Como nota muito negativa apenas o facto de, começado o espectáculo (e mesmo depois do intervalo) ser permitido aos atrasados tomarem os seus lugares.
A produção moderna, de Mariame Clément, deixou-me sentimentos contraditórios. A acção é passada nos dias de hoje, nos subúrbios de um qualquer lugar, num modesto consultório dentário (do Dr. Bartolo) onde, face à rotatividade do palco, são visíveis outras partes da casa. Rosina, na sua primeira aria (una voce poco fà), está na cama a depliar-se e faz coincidir as notas mais agudas com os momentos em que arranca os “adesivos” de depilação. No final, acaba por depilar também parte do seu urso de peluche. Ao longo da récita vêem-se personagens dentro de caixotes de lixo ou a urinar na parede (Fígaro e Almaviva), sentadas na sanita (Rosina) e na cama (Almaviva e Rosina), entre outras situações menos comuns. Mas a coisa até tem alguma graça e o guarda roupa, kitsch, também está bem escolhido para o enquadramento criado.

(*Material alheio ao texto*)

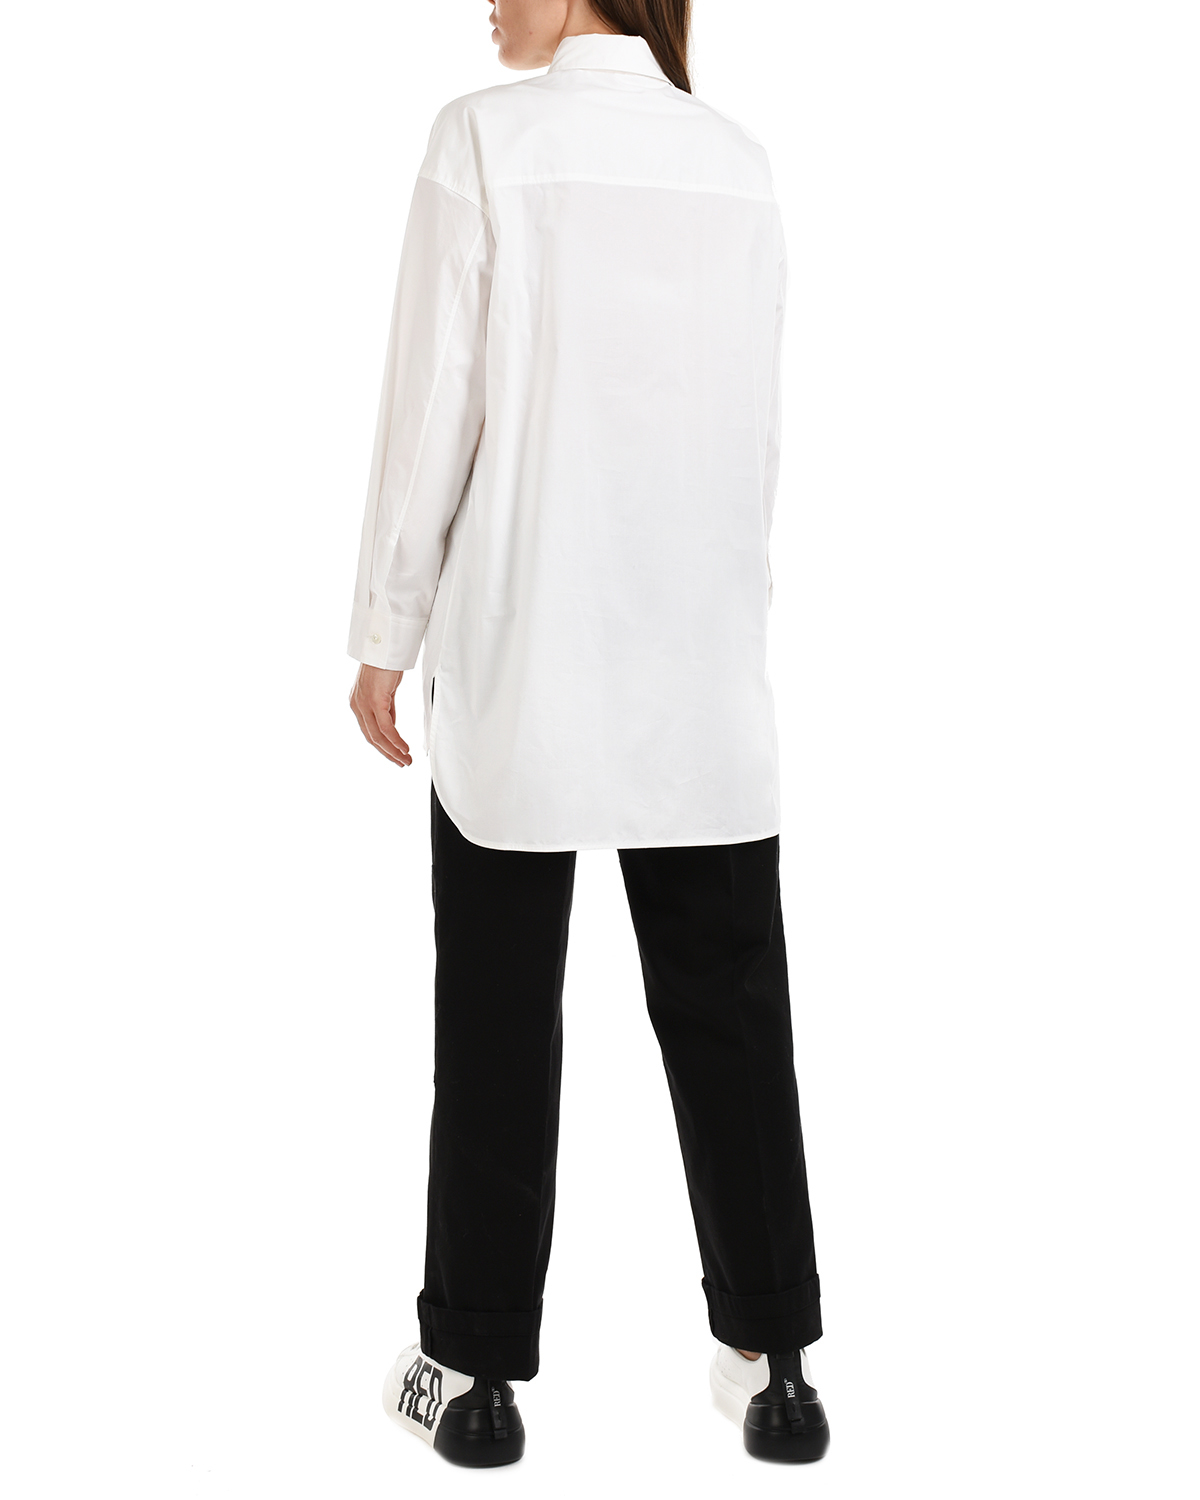 Удлиненная белая рубашка Parosh, размер 38, цвет белый - фото 3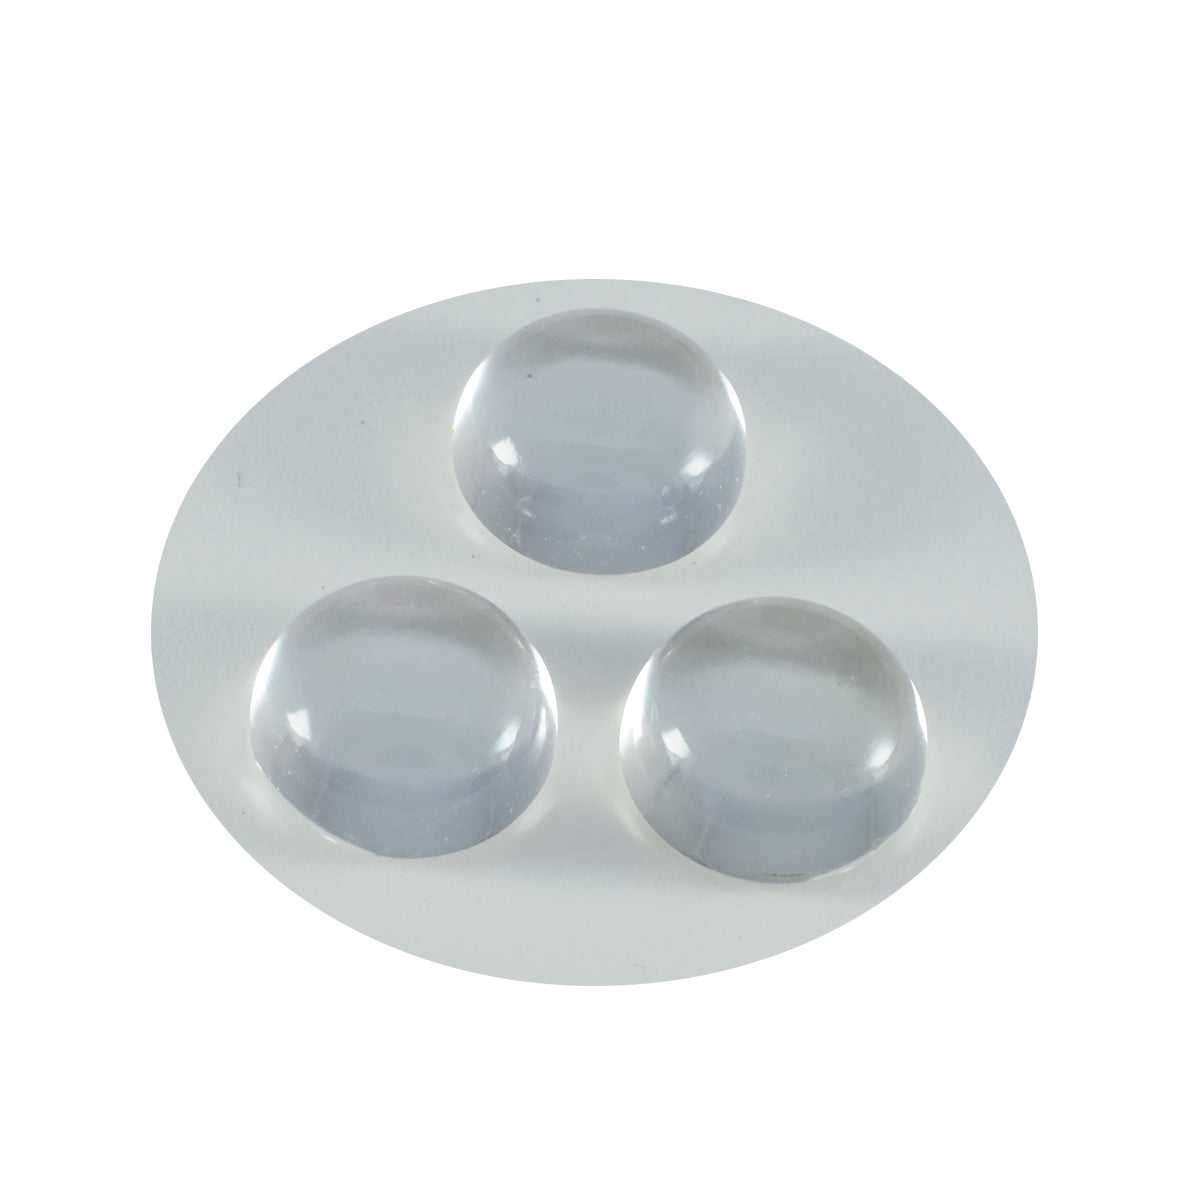 Riyogems – cabochon de quartz en cristal blanc, forme ronde, belle qualité, gemme en vrac, 11x11mm, 1 pièce

A orquestra, dirigida por George Pehlivanian, ao contrário do que esperava, esteve aquém das minhas expectativas, limitando-se a cumprir a partitura, sem brilho.
Os cantores, com uma excepção, estiveram muito bem e à altura dos papeis que representaram.
Lionel Peintre, barítono francês, foi o Dr. Bartolo. Esteve bem cenicamente e também vocalmente, embora revelando algumas dificuldades nas partes mais exigentes, sobretudo aquelas que obrigam a grande agilidade vocal. Também Ugo Guagliardo (baixo italiano) teve uma boa prestação como Don Basilio e a aria da calúnia foi particularmente bem cantada. Javier Abreu, americano, encarnou o Conde de Almaviva e foi o único que esteve muito aquém das exigências da personagem. A voz é pequena, revela grandes dificuldades nos agudos e é desastroso na coloratura. Oliver Grand (francês) foi Figaro e mostrou possuir uma voz de barítono de grande extensão, capaz de encher qualquer teatro de ópera e foi também muito bom em cena. Shira Raz, mezzo israelita, cantou e representou bem o papel de Berta, mas a noite foi do soprano israelita Chen Reiss que foi a Rosina. Possuidora de uma excelente voz, bem projectada, bom timbre e segura em toda a extensão do registo vocal, mostrou também ser uma excelente actirz.